I have revisited this problem many times, and I have never really found a proper answer.
我已多次重新审视这个问题,而且我从未真正找到合适的答案。
Is it possible to perform a MySQL search which returns ACTUAL accurately sorted results by relevancy?
是否可以执行MySQL搜索,通过相关性返回ACTUAL准确排序的结果?
I am trying to create an ajax search form which makes suggestions as the user types into an input field, and have found no decent solution to this using only pure MySQL queries. I know there are search servers available such as ElasticSearch, I want to know how to do it with a raw MySQL query only.
我正在尝试创建一个ajax搜索表单,该表单在用户输入到输入字段时提出建议,并且仅使用纯MySQL查询找不到合适的解决方案。我知道有可用的搜索服务器,如ElasticSearch,我想知道如何只使用原始MySQL查询。
I have a table of school subjects. There are less than 1200 rows and this will never change. Let's perform a basic FULLTEXT search where the user starts typing "Bio".
我有一张学校科目表。行数不到1200行,这永远不会改变。让我们执行一个基本的FULLTEXT搜索,用户开始输入“Bio”。
Query ("Bio...") - FULLTEXT BOOLEAN MODE
查询(“Bio ...”) - FULLTEXT BOOLEAN MODE
SELECT name, MATCH(name) AGAINST('bio*' IN BOOLEAN MODE) AS relevance
FROM subjects
WHERE MATCH(name) AGAINST('bio*' IN BOOLEAN MODE)
ORDER BY relevance DESC
LIMIT 10
Results
结果
name | relevance
--------------------------------------------------------
Biomechanics, Biomaterials and Prosthetics | 1
Applied Biology | 1
Behavioural Biology | 1
Cell Biology | 1
Applied Cell Biology | 1
Developmental/Reproductive Biology | 1
Developmental Biology | 1
Reproductive Biology | 1
Environmental Biology | 1
Marine/Freshwater Biology | 1
To show how bad these results are, here is a comparison with a simple LIKE
query which shows all the more relevant results which weren't shown:
为了显示这些结果有多糟糕,这里是一个简单的LIKE查询的比较,它显示了未显示的所有更相关的结果:
Query ("Bio...") - LIKE
查询(“生物......”) - 喜欢
SELECT id, name
WHERE name LIKE 'bio%'
ORDER BY name
Results
结果
name | relevance
--------------------------------------------------------
Bio-organic Chemistry | 1
Biochemical Engineering | 1
Biodiversity | 1
Bioengineering | 1
Biogeography | 1
Biological Chemistry | 1
Biological Sciences | 1
Biology | 1
Biomechanics, Biomaterials and Prosthetics | 1
Biometry | 1
And already you see how many subjects are not suggested, even though these are more likely what the user will be looking for.
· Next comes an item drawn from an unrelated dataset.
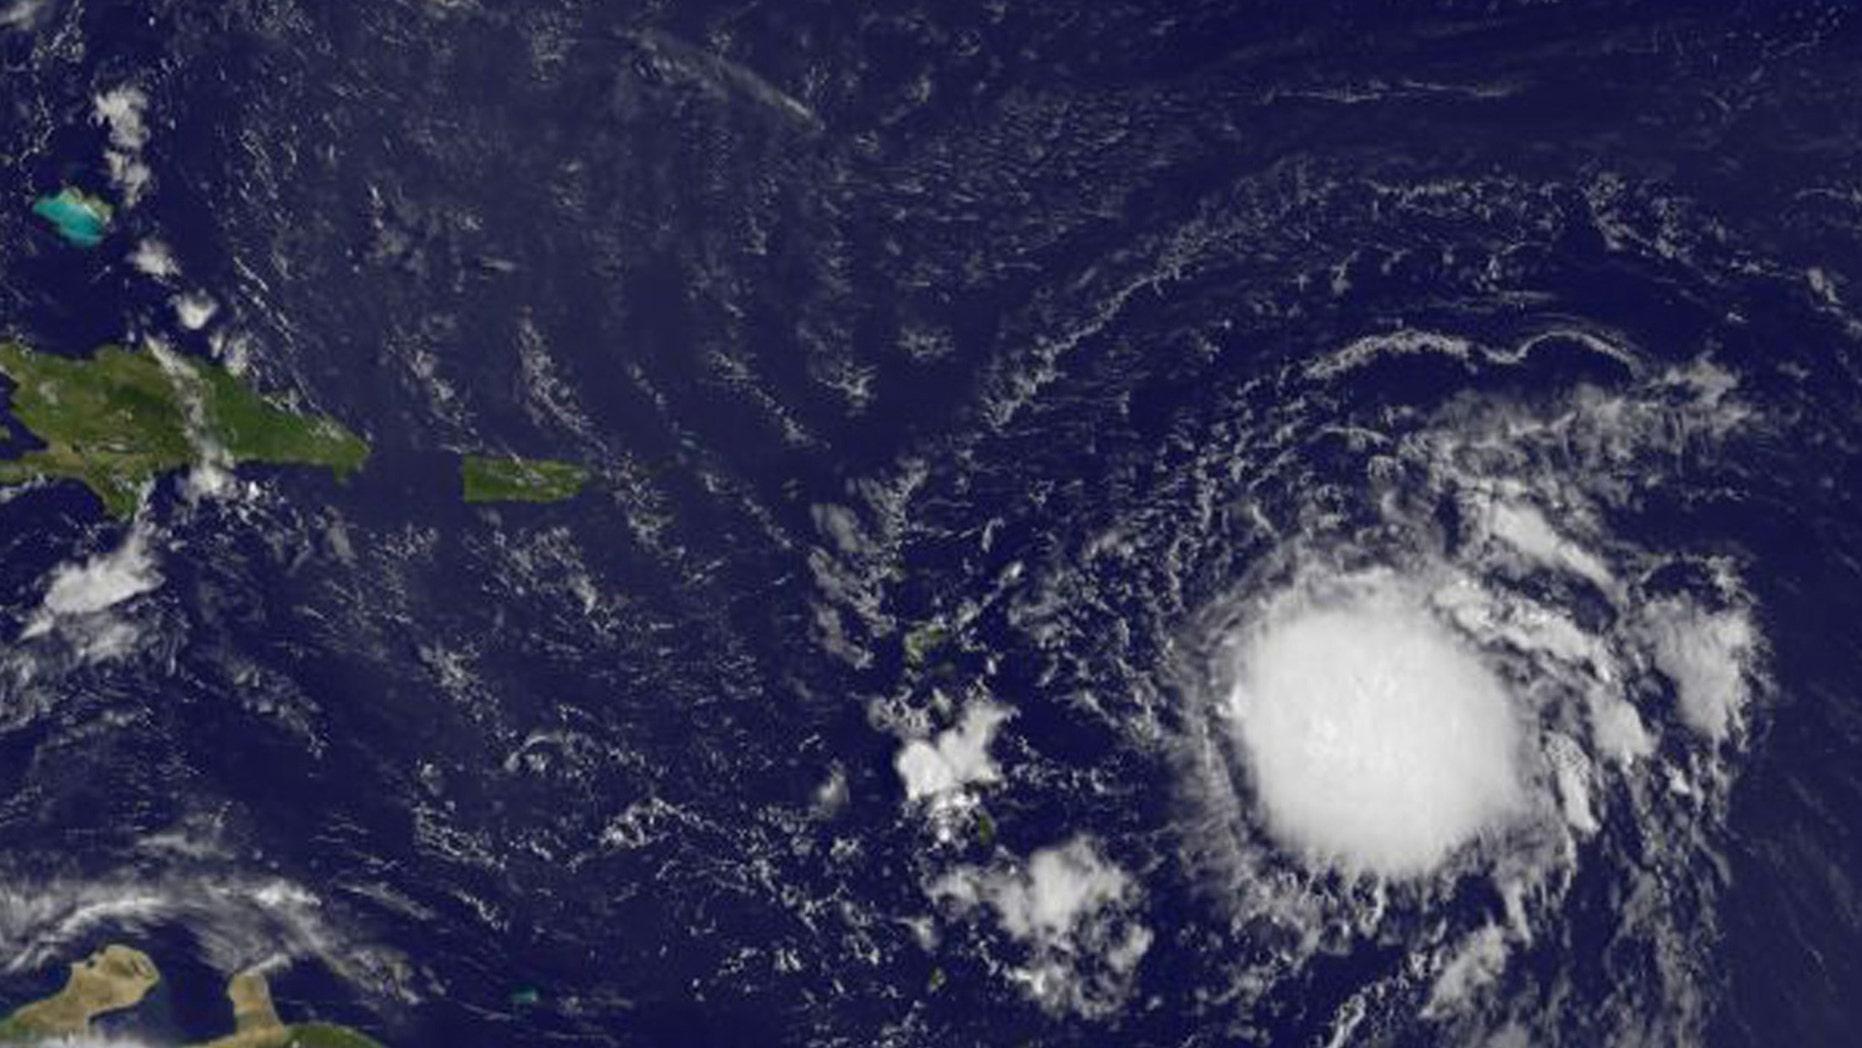 Tropical Storm Erika is pictured in the Atlantic Ocean northeast of Venezuela in this August 26, 2015 NASA handout satellite photo.

并且您已经看到有多少主题没有被建议,即使这些主题更可能是用户将要寻找的。
The problem with using LIKE
however, is how to search across multiple words and in the middle of words like FULLTEXT
does.
然而,使用LIKE的问题是如何搜索多个单词以及像FULLTEXT这样的单词中间。
The basic ordering I would want to implement is something like:
我想要实现的基本顺序是:
- First words starting with the search term
- 首字以搜索词开头
- Second words starting with the search term
- 以搜索词开头的第二个单词
- Words where the term is not at the start of the words
- 术语不在单词开头的单词
- Everything generally alphabetical if not further relevant
- 如果没有进一步的相关性,一般都是字母顺序
So my question is, how does one go about getting a sensibly sorted list of suggestions for the user with a MySQL search across multiple words?
所以我的问题是,如何通过跨多个单词的MySQL搜索为用户获取明智的排序建议列表?
4 个解决方案
#1
6
You could use string functions, such as:
您可以使用字符串函数,例如:
select id, name
from subjects
where name like concat('%', @search, '%')
order by
name like concat(@search, '%') desc,
ifnull(nullif(instr(name, concat(' ', @search)), 0), 99999),
ifnull(nullif(instr(name, @search), 0), 99999),
name;
This gets you all entries containing @search. First those that have it at the beginning, then those that have it after a blank, then by the position of the occurrence, then alphabetical.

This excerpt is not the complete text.